Revising sentencing, Hargrove told the PDN, “will actually reduce our property crimes in this state quite dramatically” and in the end save money.
Proponents note that although 27 percent of property crimes are first offenses, Washington has provided no post-prison supervision for property offenders since 1984.
Hargrove cites data developed by a governor’s task force that he cochaired last year.

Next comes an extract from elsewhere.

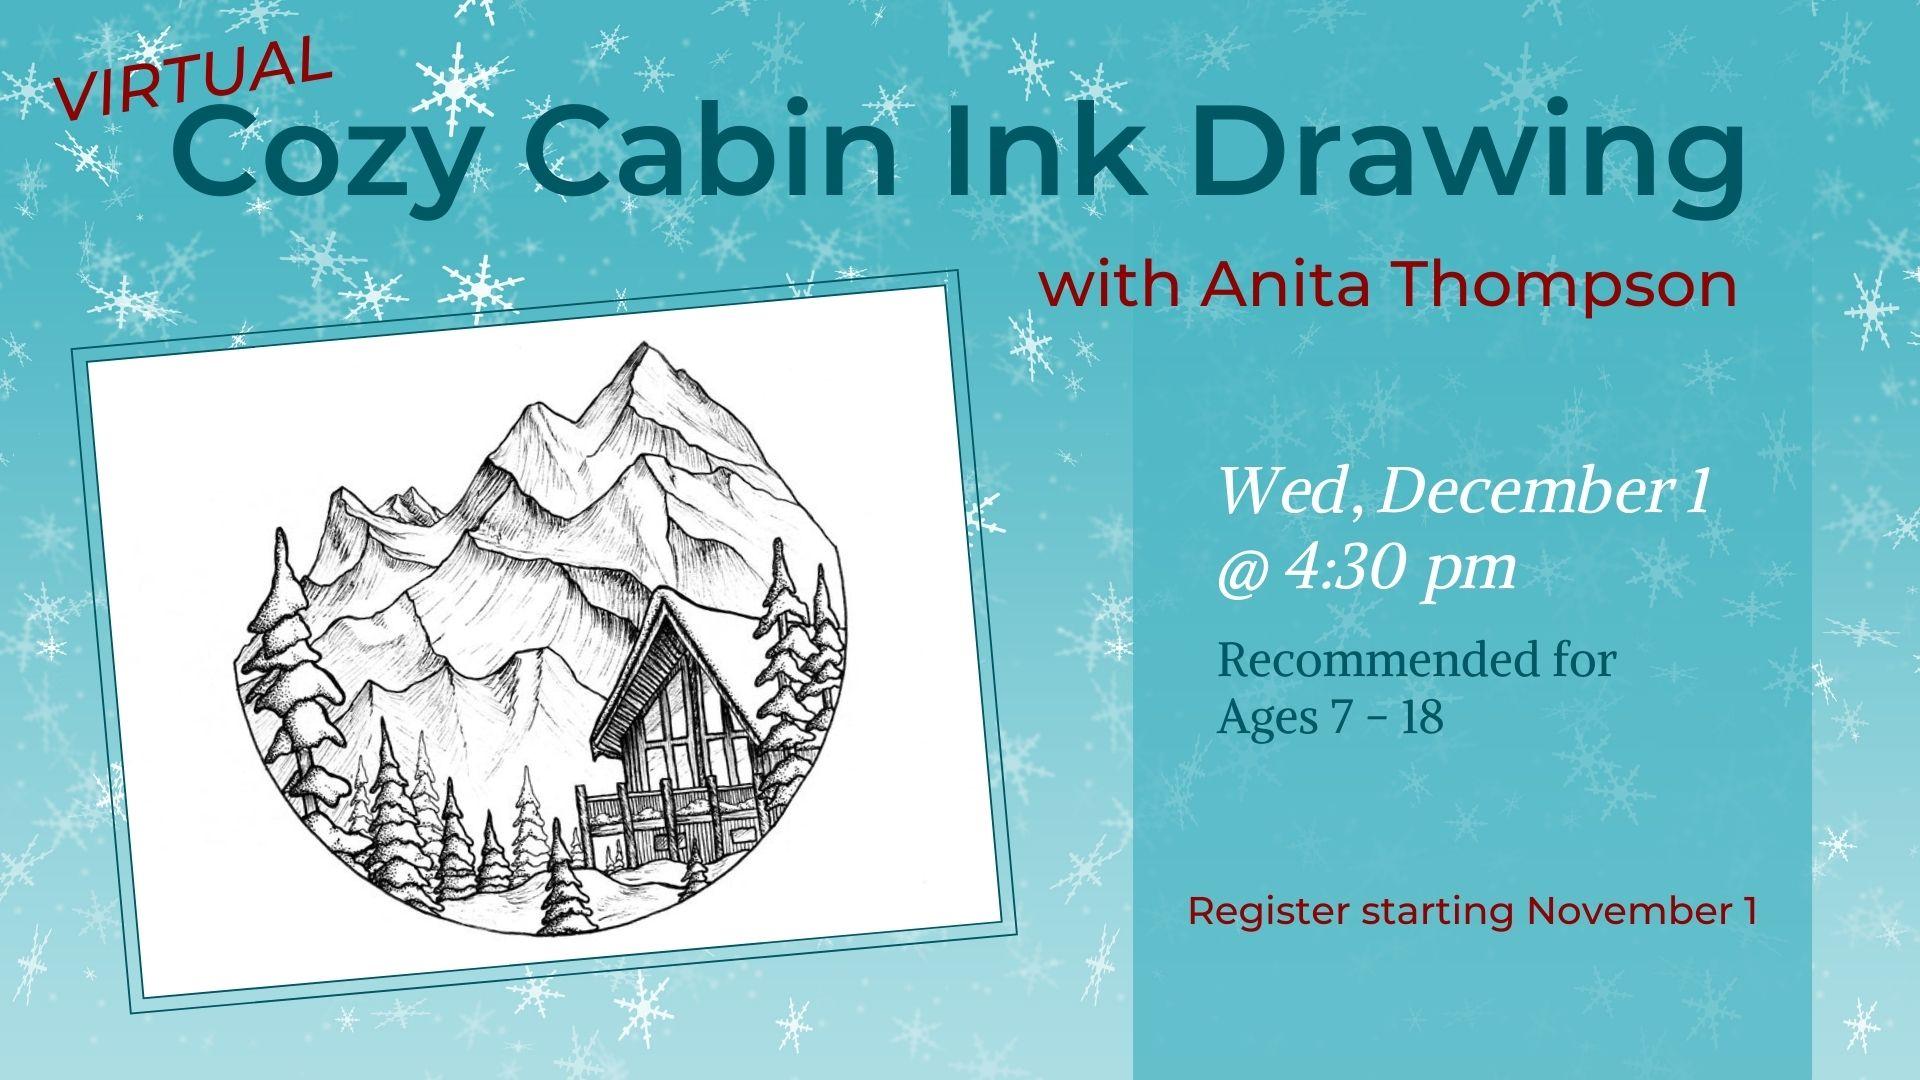 Cozy Cabin Ink Drawing

It in turn grew from a federal search for better ways to fight crime and reduce its cost.
The state’s present system isn’t working, Hargrove said.
Although the state punishes property criminals with the stiffest sentences in the nation, it still stands No. 1 among states for property offenses per capita.
Hargrove’s task force set a goal of reinvesting $4 million in the first biennium and $8 million in the second biennium in law enforcement, he said
“It also has a grant program to provide some additional resources for community policing, which will also roll up into a lower property crime rate,” he said.
“So, this will cost us a little bit this year as we implement some of the supervision and treatment around some of these offenders.
“But in the future it should start saving us quite a bit of money, including potentially delaying the need for another state prison within the next six years or seven years.
“So this is a way to make your citizens safer, to reduce property crime in the state and to save the state money.”
Jefferson County Prosecuting Attorney Mike Haas supports it.
“What we’re trying to focus on is getting people off the revolving wheel,” he said.
“The flip side is that we can’t get any worse. If it doesn’t work, we go back to what we’ve been doing.”
Van De Wege said he’ll back the bill.
“I know some people have some angst when criminals aren’t punished enough, but generally it’s becoming a nonpartisan issue because there’s so many studies that show lower recidivism when we do these sort of programs.
“Less crime in the future means fewer victims.”
Tharinger said he needs to examine budget implications.
“The data is that it’s pretty effective. The question is the cost and where the money is going to come from.”